== Given material ==
%%
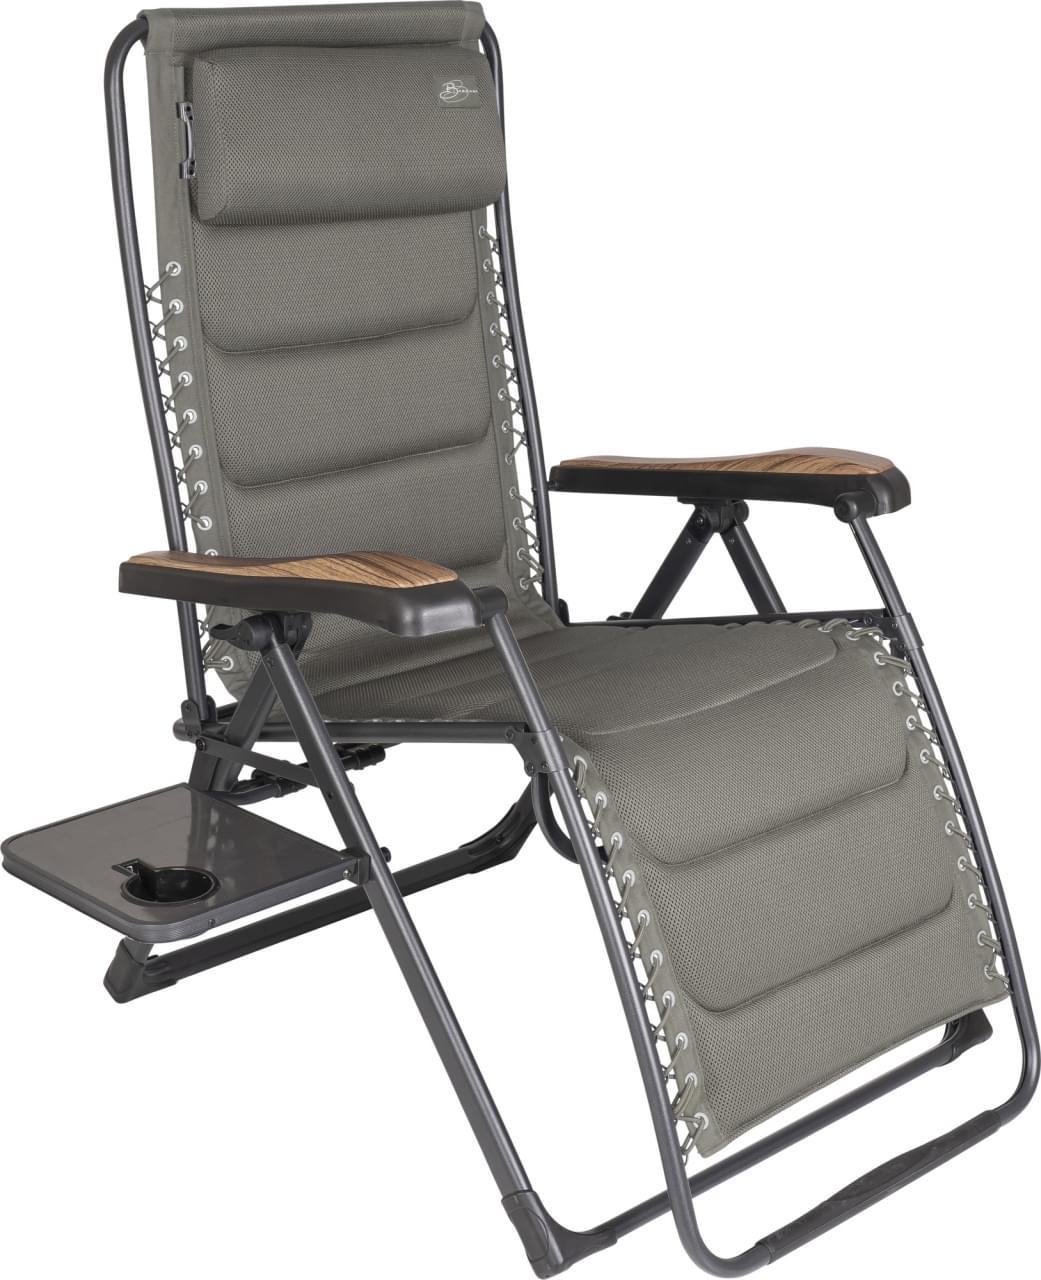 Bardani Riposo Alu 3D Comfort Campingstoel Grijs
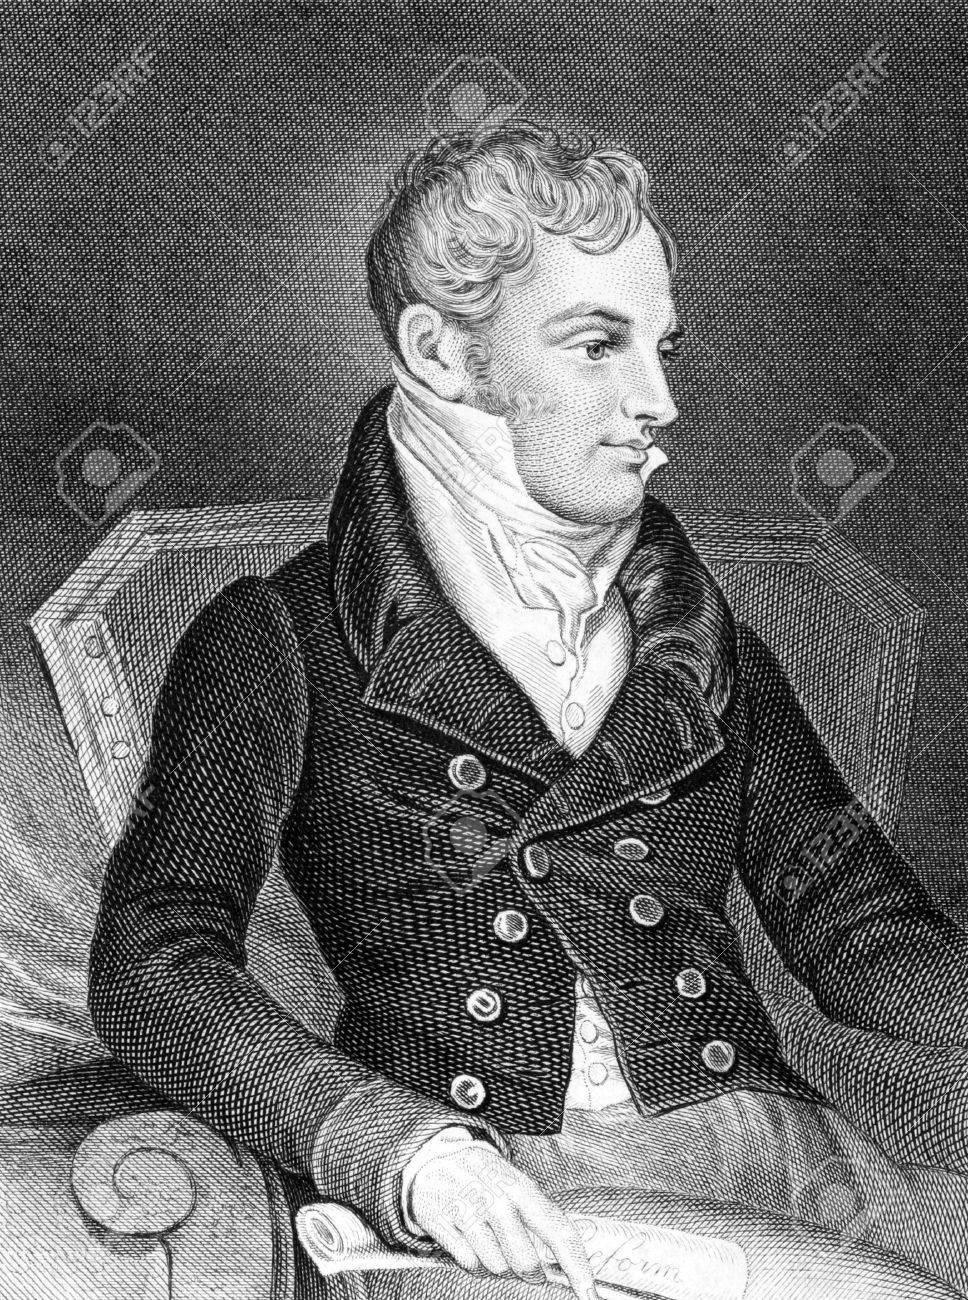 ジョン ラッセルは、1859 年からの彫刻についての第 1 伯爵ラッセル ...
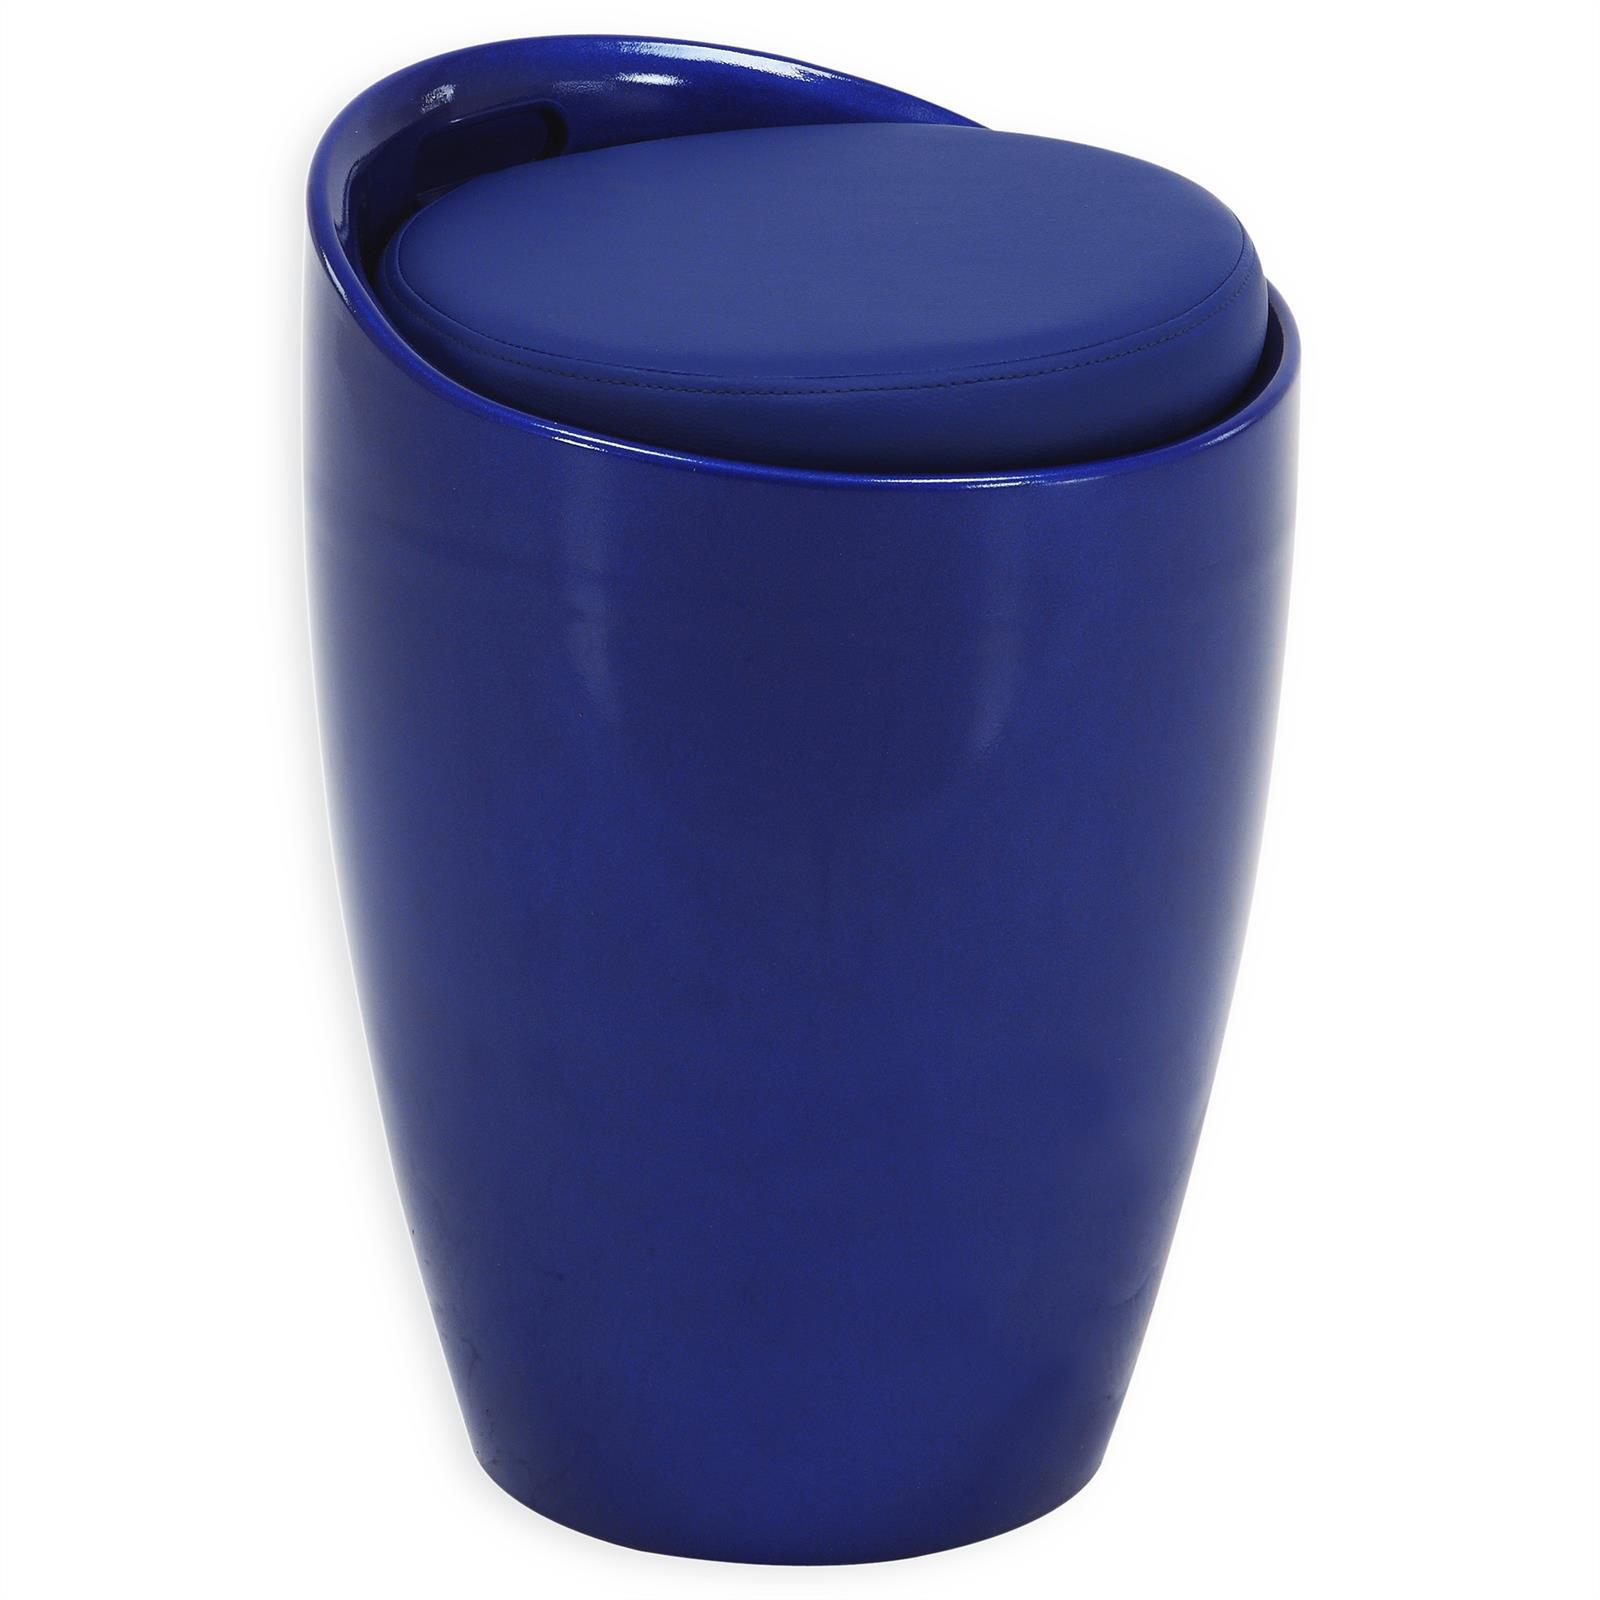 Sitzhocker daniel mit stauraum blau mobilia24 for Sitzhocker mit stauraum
%%
== Directions for this task ==
Keep every word of the lines above unchanged in the copy, and omit the pictures.

== Finished task ==
 Bardani Riposo Alu 3D Comfort Campingstoel Grijs
 ジョン ラッセルは、1859 年からの彫刻についての第 1 伯爵ラッセル ...
 Sitzhocker daniel mit stauraum blau mobilia24 for Sitzhocker mit stauraum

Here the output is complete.